• [TASK ITEM] Could you write out, exactly as they stand, only the lines in the listing below from the line with "Keren Rubberwood Child's Chair - image 1" to the line with "Kioxia 960GB U.2", both ends included, without the pictures?

• [DATASET CONTENT]
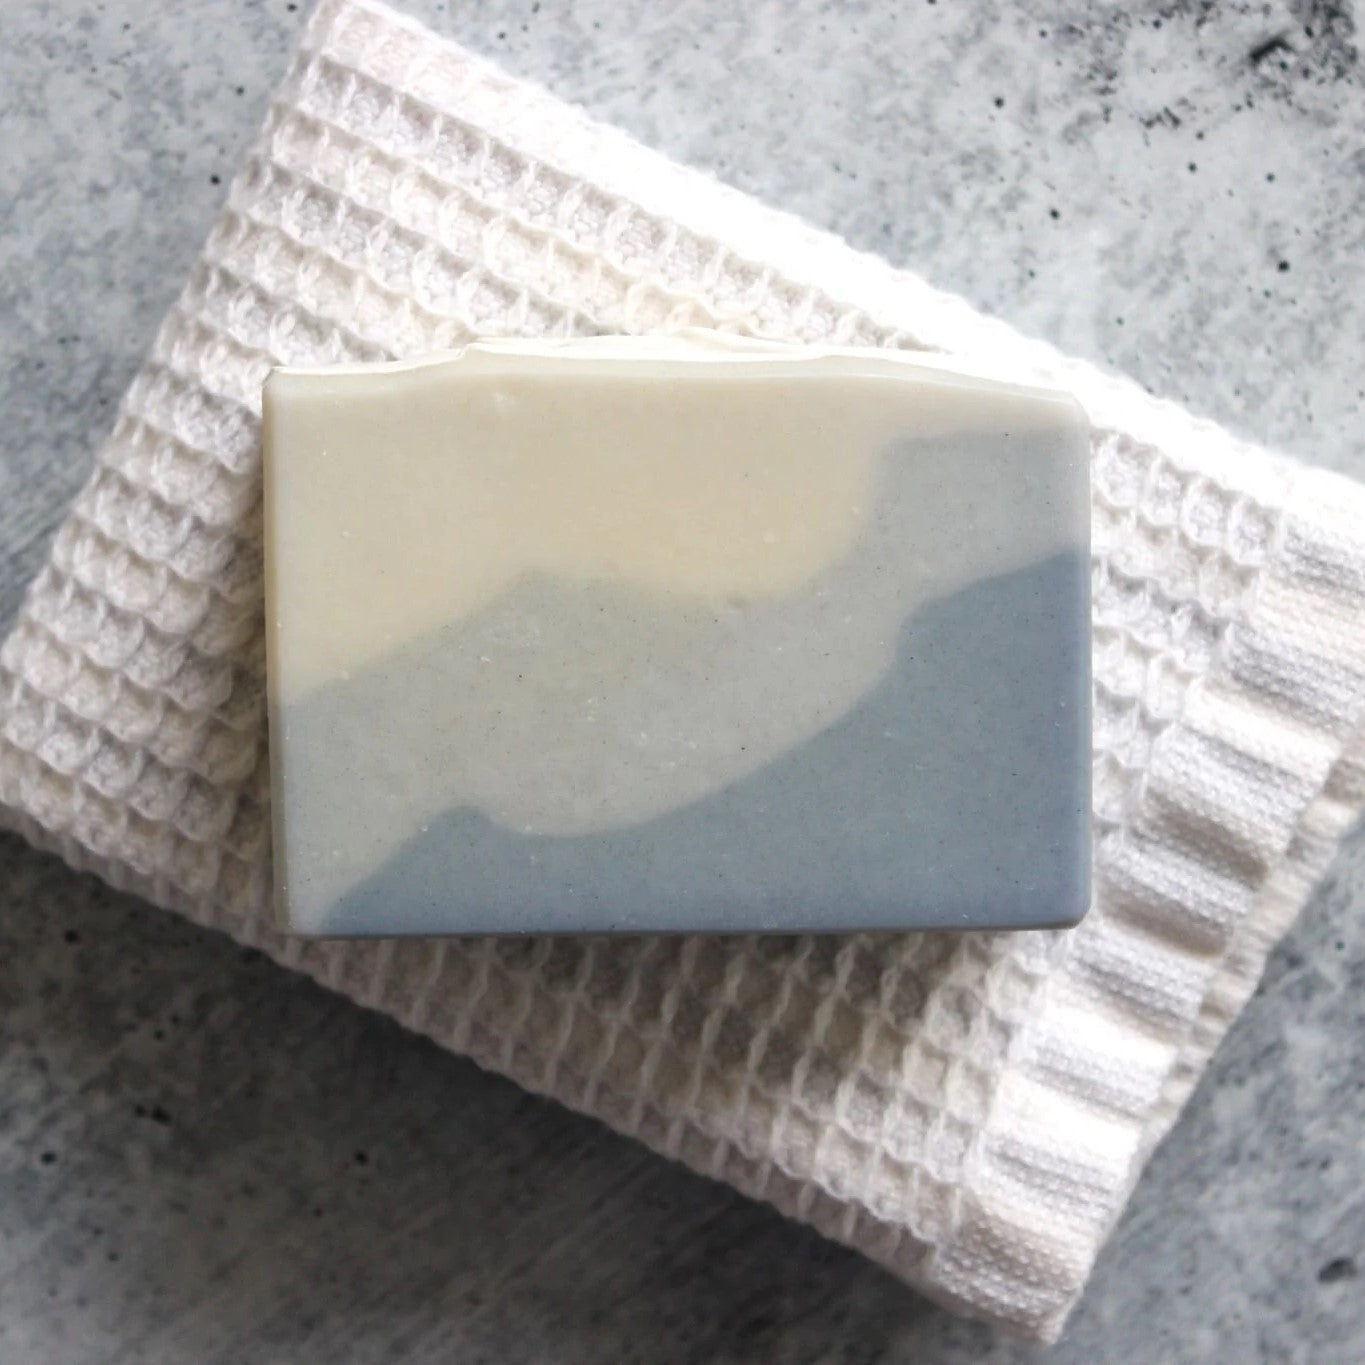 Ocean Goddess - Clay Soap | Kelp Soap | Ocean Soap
==
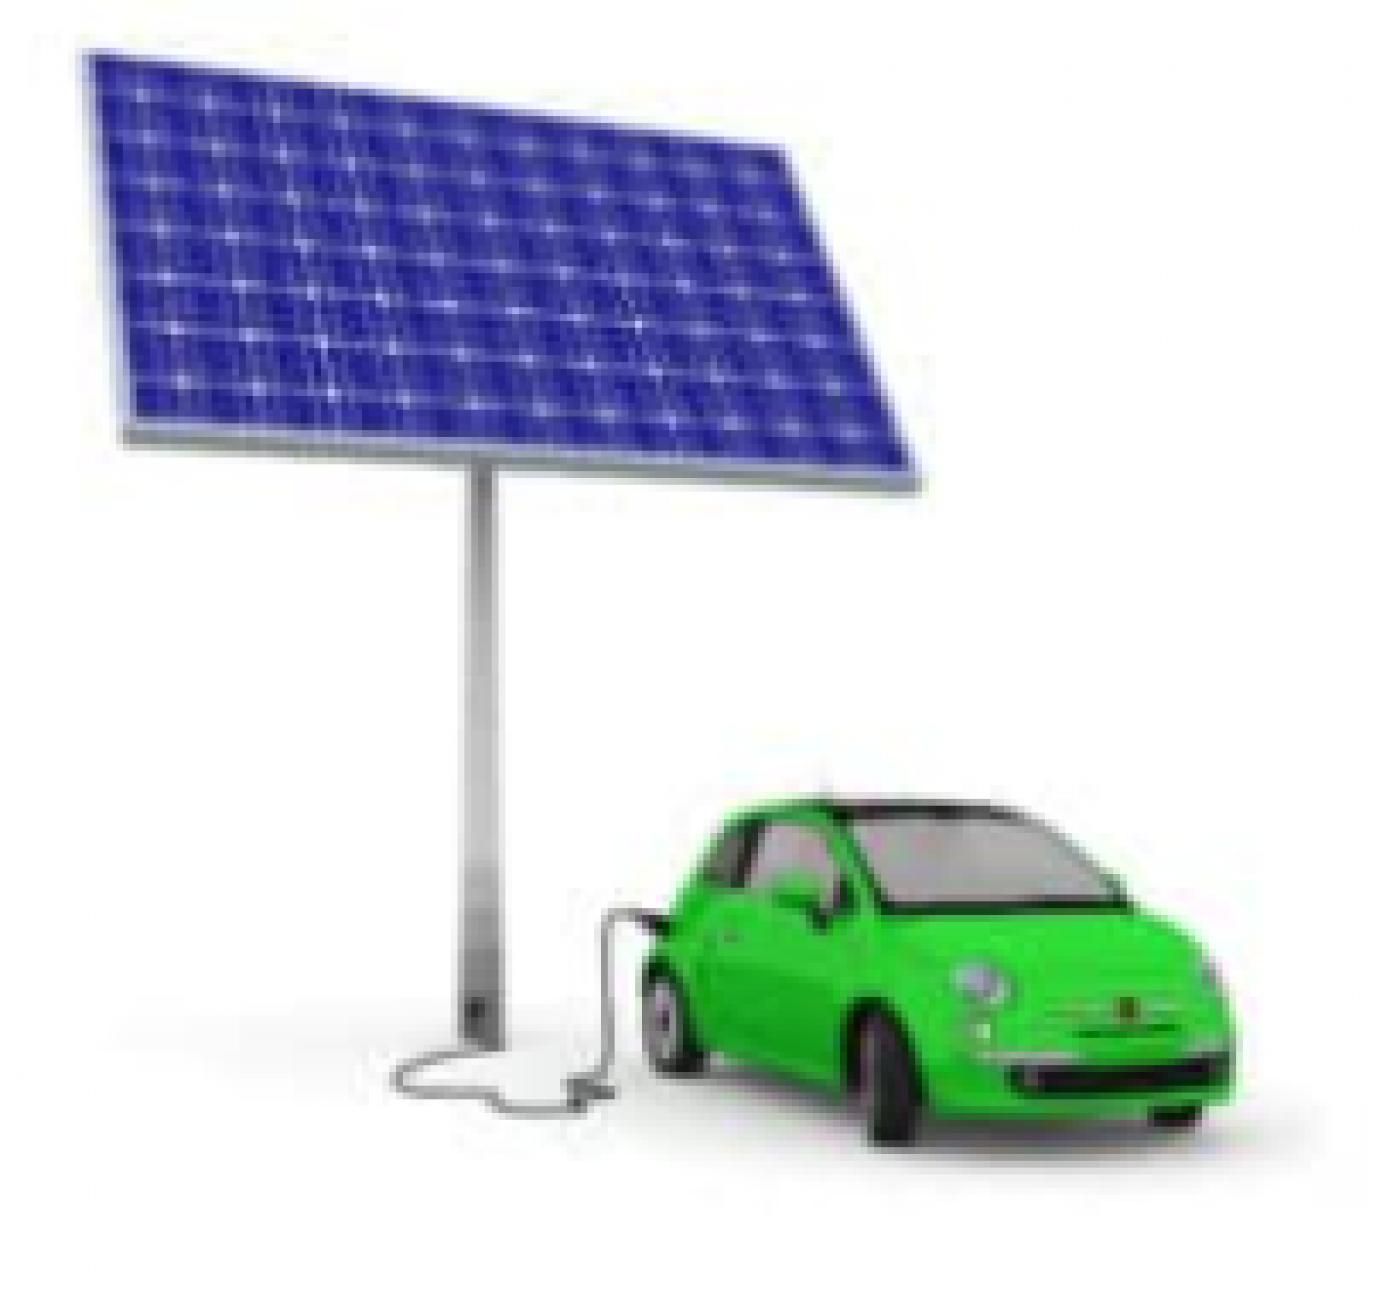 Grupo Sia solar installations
--
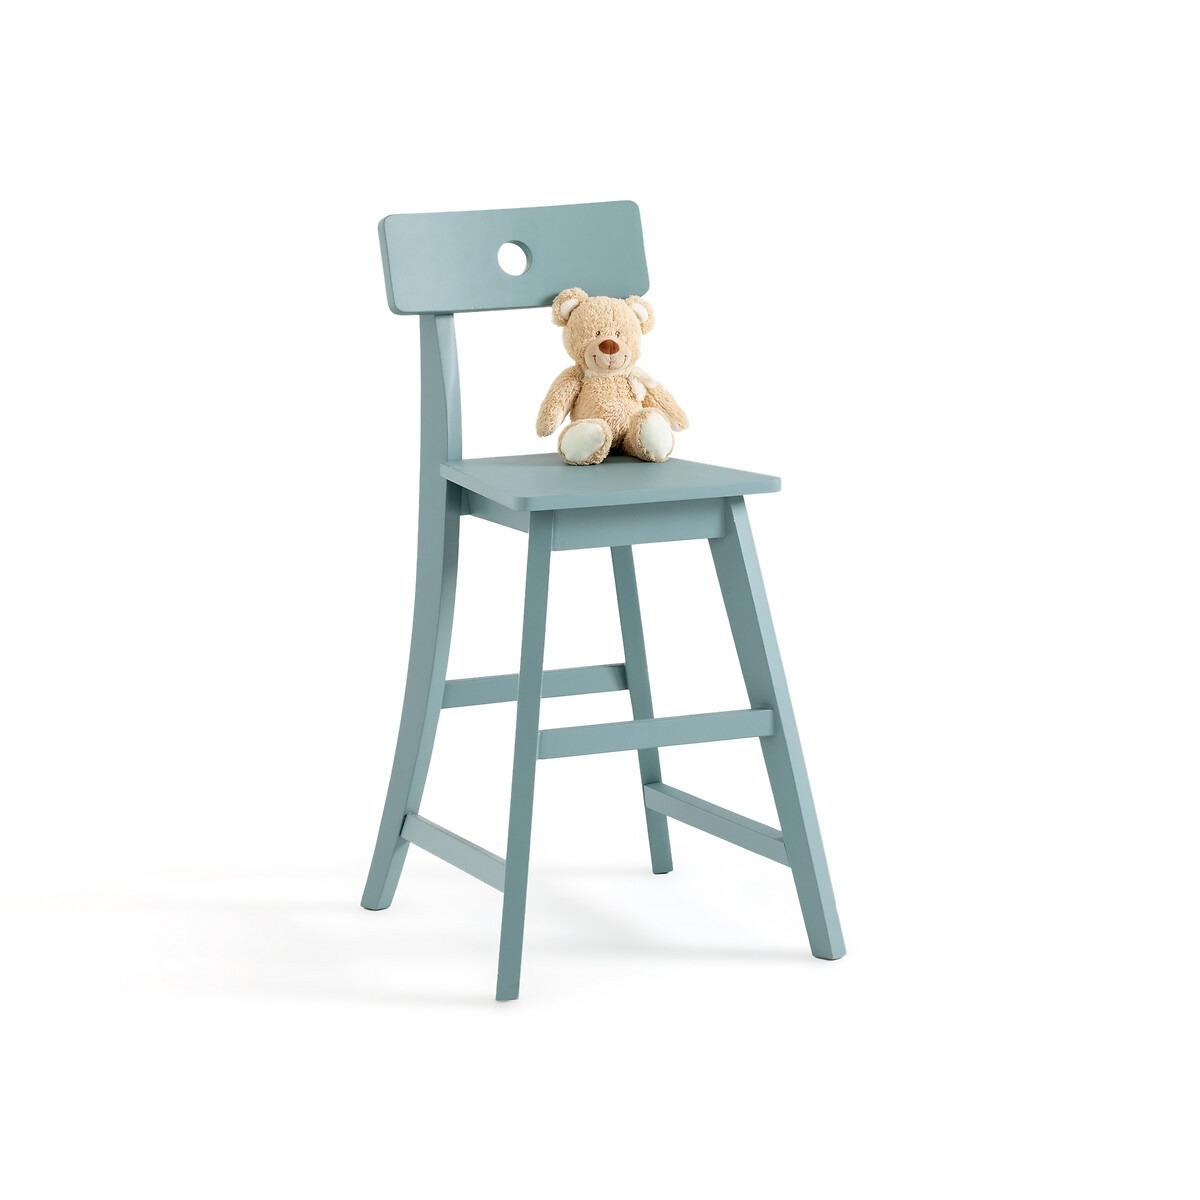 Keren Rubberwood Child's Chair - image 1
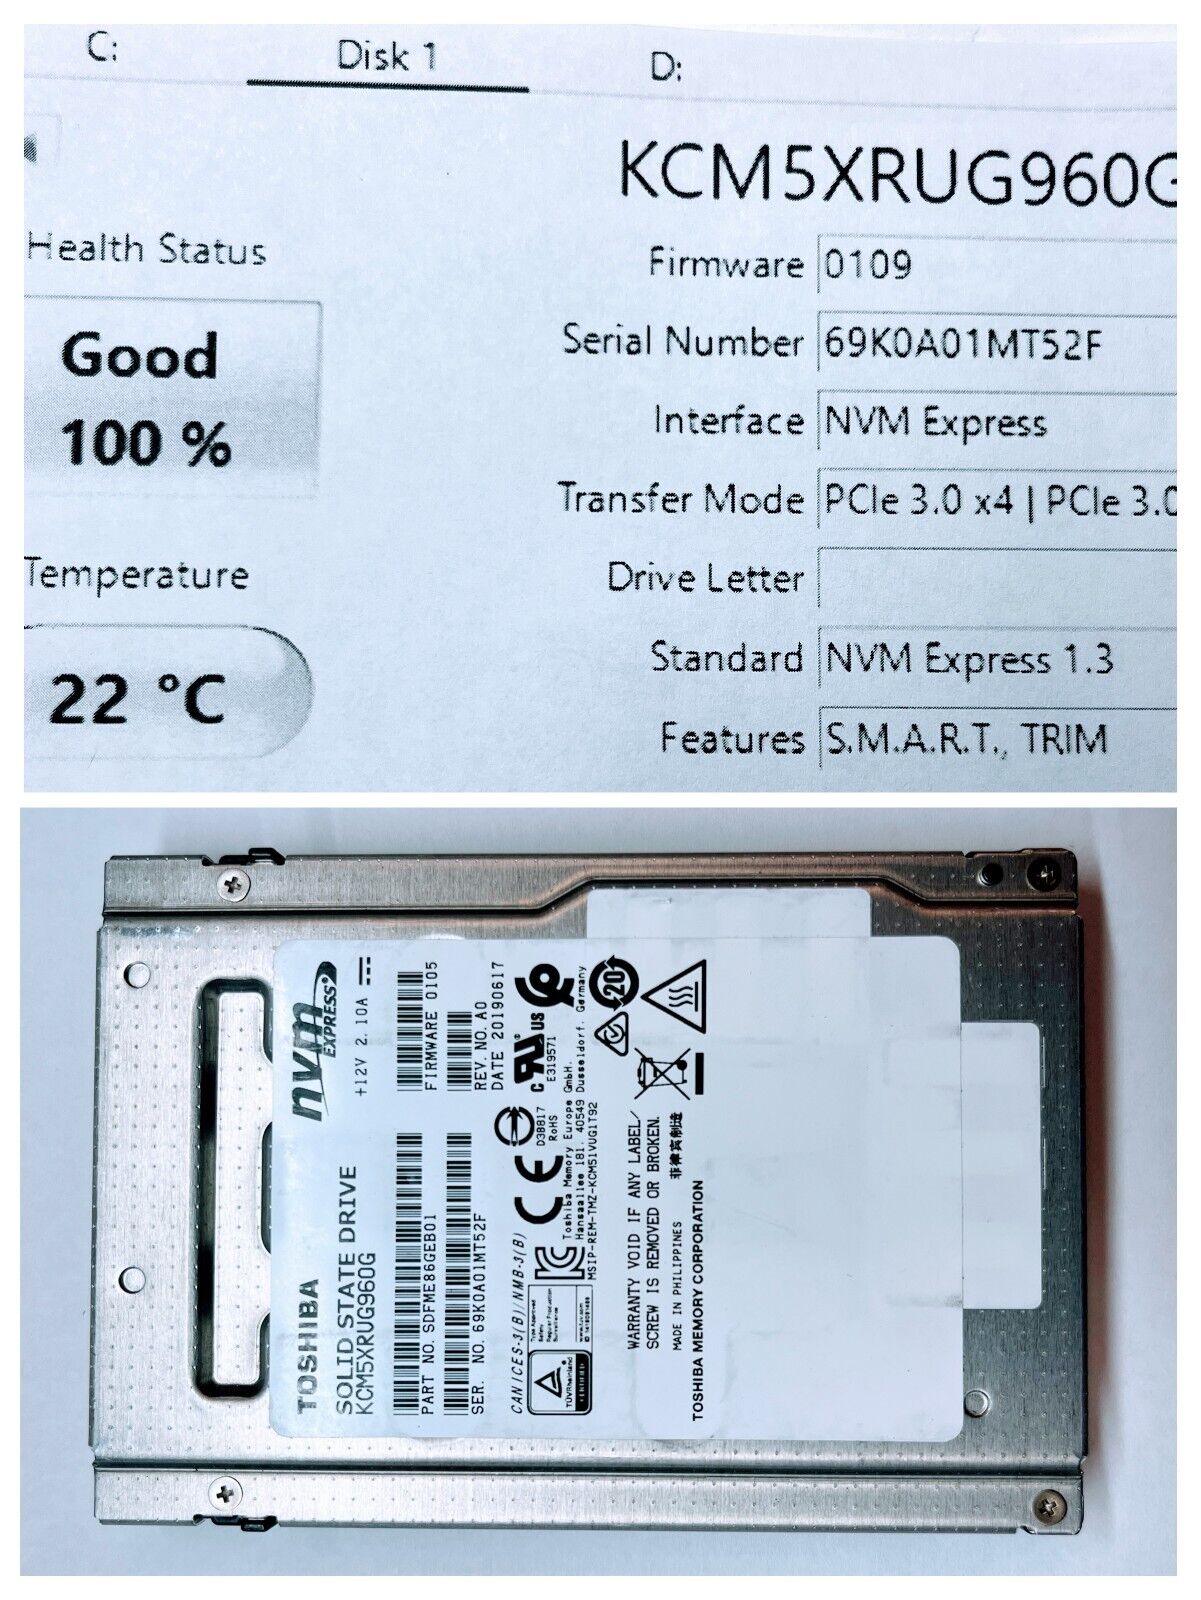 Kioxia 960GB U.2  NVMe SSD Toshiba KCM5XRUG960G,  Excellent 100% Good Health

• [RESPONSE BOX]
 Keren Rubberwood Child's Chair - image 1
 Kioxia 960GB U.2  NVMe SSD Toshiba KCM5XRUG960G,  Excellent 100% Good Health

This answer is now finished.